# bidding on commercial Roofing projects



## lrissler (Feb 16, 2013)

I have been in the roofing and construction business and have been doing more commercial roofing especially the past 5 years. I'm considering subscribing to a lead reporting service and bidding on roofing jobs put out by GC's. What advice can you give me on the subject of bidding jobs from prints vs. getting calls from the building owner and going out to the building doing your own measurements and dealing with the building owner vs. a gc
I thought it would be best to start with say smaller retail stores etc. till I'm more comfortable..
What are the steps you take to bid on a project?


----------



## Just Bob (Mar 13, 2013)

I would say when bidding commercial roof jobs going to the actual site is better in a way that you get familiarized with the project in a more hands-on way. When you bid commercial roof jobs from prints there are many variables that you may miss which could lead to extra expenses. New construction is a different story. Existing buildings that need reroofed should always be looked at with your own eyes. It will save a lot of headaches down the road


----------



## griz (Nov 26, 2009)

If there is a Spec Book read it *VERY* carefully...:thumbsup:


----------



## GCTony (Oct 26, 2012)

griz said:


> If there is a Spec Book read it *VERY* carefully...:thumbsup:


Someone correct me if I'm wrong; Most all commercial projects specify a particular roof manufacturer, doesn't the roofing contractor need to be registered and trained with that manufacturer? I didn't think you could even purchase the materials without ties to those companies.


----------



## OldNBroken (Feb 8, 2008)

GCTony said:


> Someone correct me if I'm wrong; Most all commercial projects specify a particular roof manufacturer, doesn't the roofing contractor need to be registered and trained with that manufacturer? I didn't think you could even purchase the materials without ties to those companies.

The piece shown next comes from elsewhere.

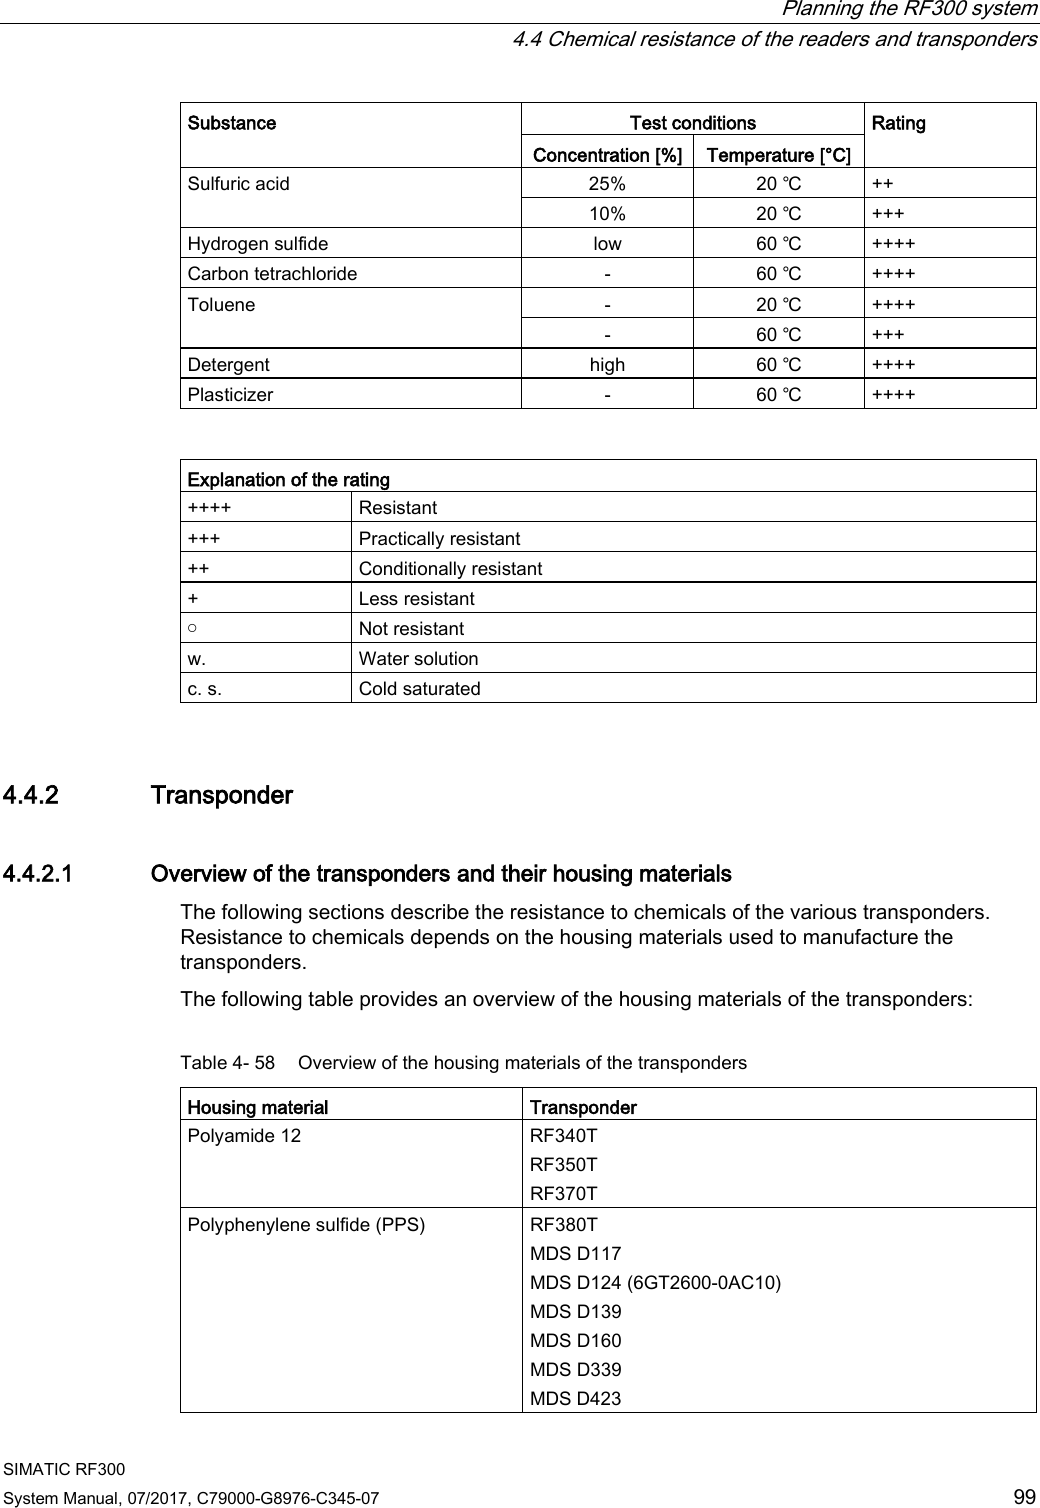  Planning the RF300 system  4.4 Chemical resistance of the readers and transponders SIMATIC RF300 System Manual, 07/2017, C79000-G8976-C345-07 99 Substance Test conditions Rating Concentration [%] Temperature [°C] Sulfuric acid 25% 20 ℃ ++ 10% 20 ℃ +++ Hydrogen sulfide low 60 ℃ ++++ Carbon tetrachloride - 60 ℃ ++++ Toluene - 20 ℃ ++++ - 60 ℃ +++ Detergent high 60 ℃ ++++ Plasticizer - 60 ℃ ++++   Explanation of the rating ++++ Resistant +++ Practically resistant ++ Conditionally resistant + Less resistant ￮ Not resistant w. Water solution c. s. Cold saturated 4.4.2 Transponder 4.4.2.1 Overview of the transponders and their housing materials The following sections describe the resistance to chemicals of the various transponders. Resistance to chemicals depends on the housing materials used to manufacture the transponders.  The following table provides an overview of the housing materials of the transponders: Table 4- 58 Overview of the housing materials of the transponders Housing material Transponder Polyamide 12 RF340T RF350T RF370T Polyphenylene sulfide (PPS) RF380T MDS D117 MDS D124 (6GT2600-0AC10) MDS D139 MDS D160 MDS D339 MDS D423

Consider yourself corrected :no: :laughing:
Some instances, yes, but most are based on a mfr or/and equal to. You do want to be certified with at least one popular mfr of every system you are bidding though since the majority, especially govt entities, require a warranted system. You will have to be certified to install a warranted system. 

without mfr certification you are pigeon-holing yourself to only being able to bid on the bottom-of-the-barrel projects out there.


----------



## 1985gt (Dec 10, 2010)

Most projects like this will have a prebid meeting, IE before anyone bids, generals, or contractors. Go to these.

Some specs will have a particular manufacture listed. This is where you talk to your sales rep and have them go to bat for you if your manufacture isn't listed in the spec book. 9/10 times they will put it in there. 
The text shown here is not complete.